The justices, without comment or dissent, refused to hear the first challenge to Oregon's Death With Dignity Act. But that doesn't settle the issue, because the state's voters will decide within weeks whether to keep or repeal the law.

Because of the normal lag in legal paperwork, said Eli Stutsman, chief counsel for proponents of the law, "We believe it will be impossible for the existing statute to be implemented between now and the election."

Voter approval of the Death With Dignity Act in November 1994 made Oregon the first state in history to allow a terminally ill, but mentally able, adult to request a prescription for medication "for the purpose of ending his or her life in a humane and dignified manner."

Until now, however, court challenges have prevented the law from going into effect. In Tuesday's action, the Supreme Court did not issue any opinion on the validity of the Oregon law but merely left undisturbed a lower-court ruling that the challengers lacked the ability to sue.

The Supreme Court on June 26 upheld assisted-suicide bans in New York and Washington State. The ruling did nothing to bar states from legalizing such help from physicians, but most states have joined New York and Washington in outlawing it.

Oregon voters in 1994 passed a referendum allowing doctors to help mentally competent but terminally ill patients end their lives. The initiative, however, never has taken effect because of court challenges.

In other action, the court:

Traffic checks -- Refused to let Maryland police order all passengers to stay in vehicles stopped for routine traffic violations. Eight months ago, it ruled that police nationwide may order all passengers out of cars in such cases.

The court, without comment, turned away prosecutors' argument that the need to protect police safety outweighs the rights of passengers who want to get out of a car while police detain its driver.

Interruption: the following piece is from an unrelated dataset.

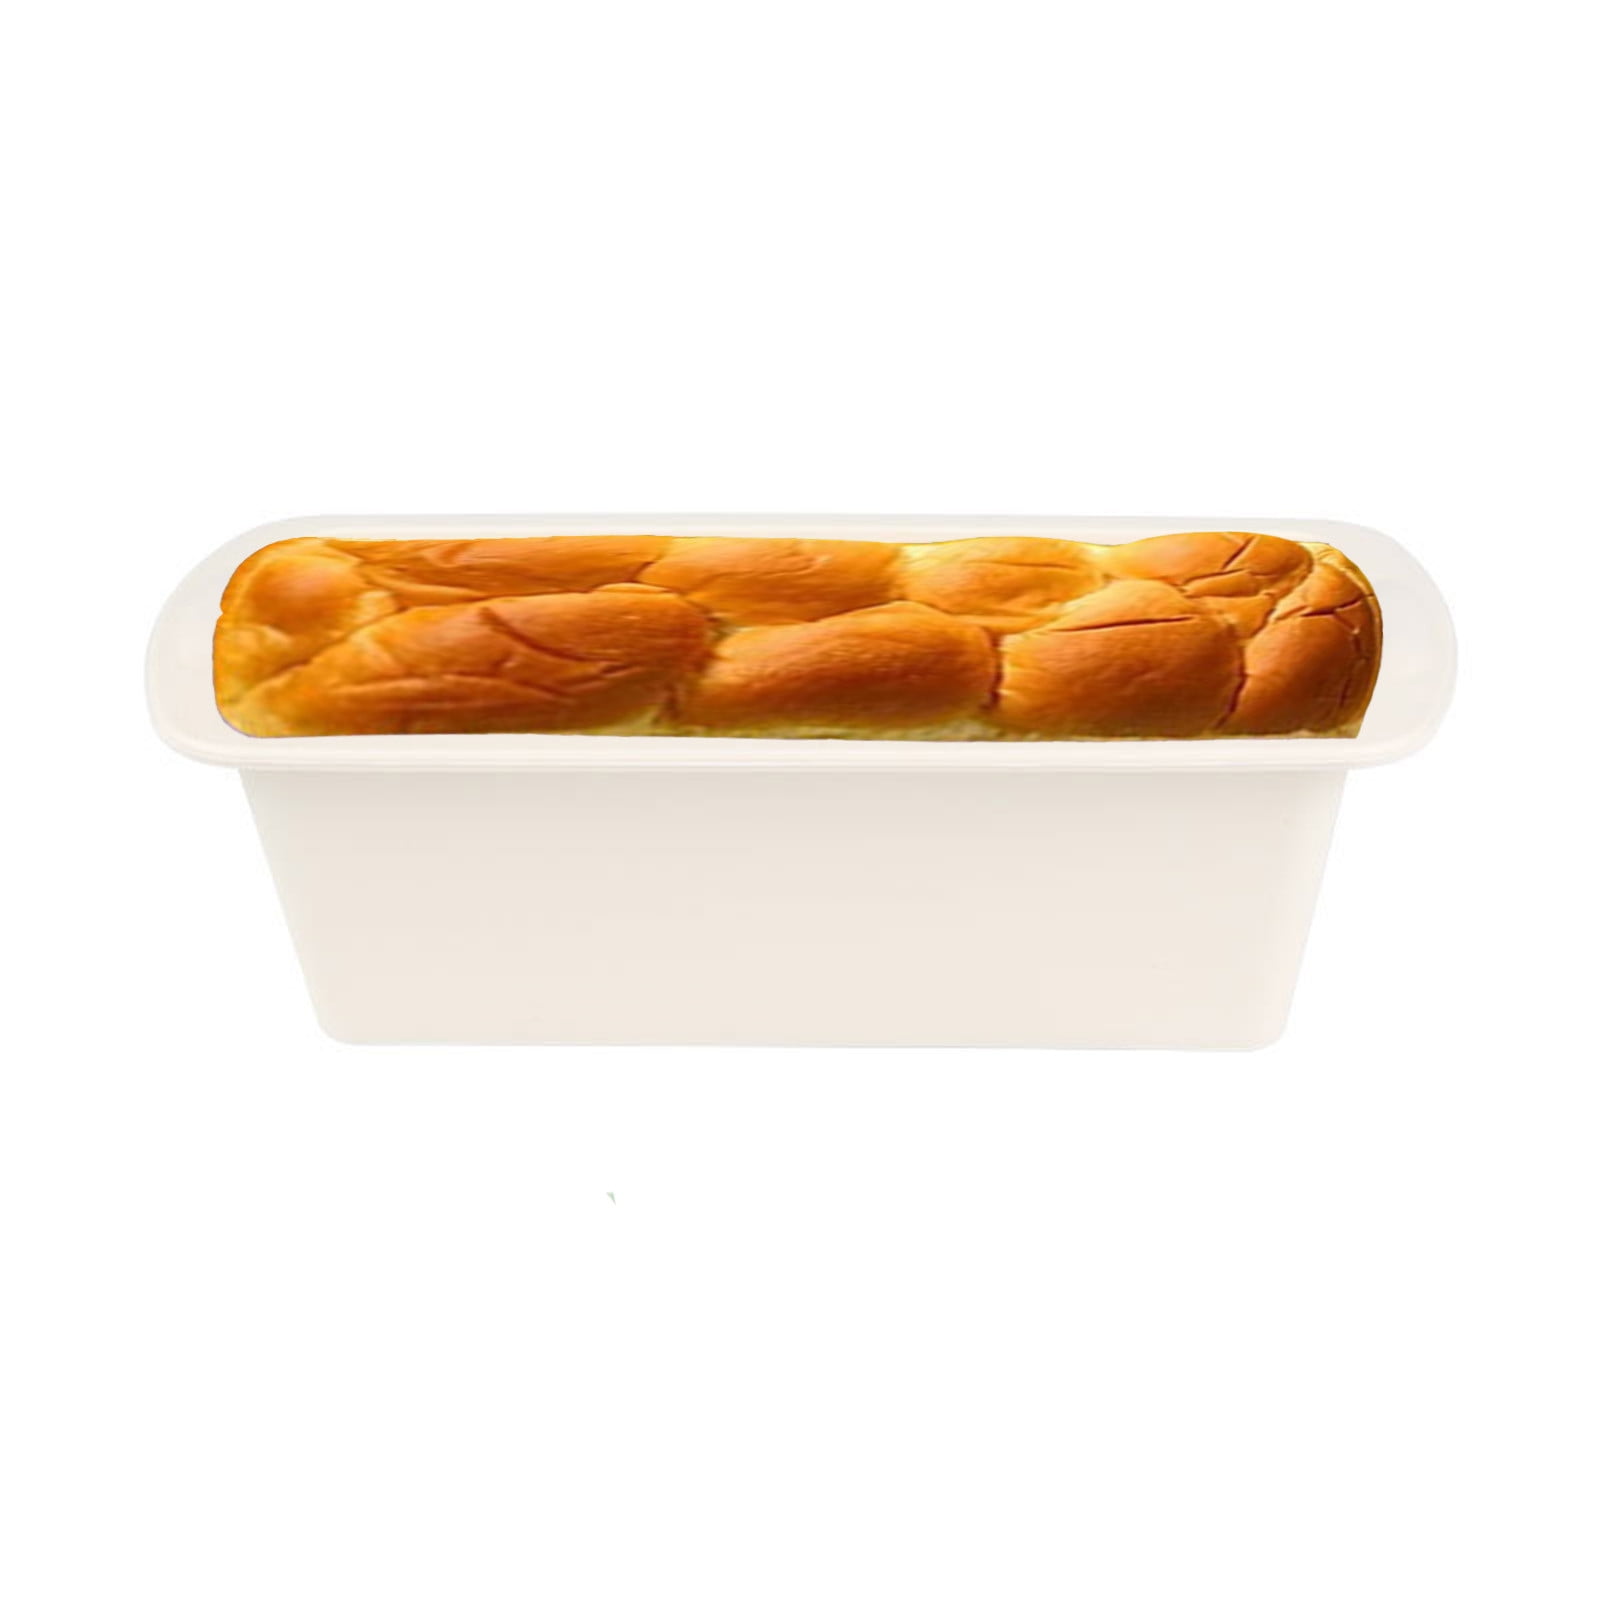 Non Stick - Loaf Pan (23.5 x 13 x 6cm / 9.3 x 5.1 x 2.4”)

The justices refused to reinstate a Maryland man's disorderly-conduct conviction for disobeying a police officer's order to stay inside a car pulled over for a traffic violation.

Taxes -- Agreed to decide whether Montana and one of its counties must pay the Crow Tribe $58 million in illegally collected taxes on coal mined on the reservation.

FBI -- Refused to order the FBI to purge its file on lawful activities by Lance E. Lindblom of Larchmont, N.Y., the former head of a charitable foundation.

Inmates -- Agreed to decide whether a federal law intended to speed the pace of executions limits claims by Death Row inmates that they are too insane to be put to death. The court said it will hear Arizona prosecutors' arguments that a death row inmate unfairly was given a new chance to argue that he is not mentally competent to be executed.

Term limits -- Turned away arguments by California officials who sought to revive a term-limits law that barred former legislators from ever seeking the same office.

Debtors -- Left intact a fee imposed on a federally chartered corporation that finances government-guaranteed loans for college students. The court turned down arguments by the Student Loan Marketing Association -- known as Sallie Mae -- that the fee enacted by Congress in 1993 is an unconstitutional government taking of its property.

Unions -- Let stand a ruling that says a union contract's arbitration provisions can never nullify an individual worker's right to sue over an employer's alleged discrimination.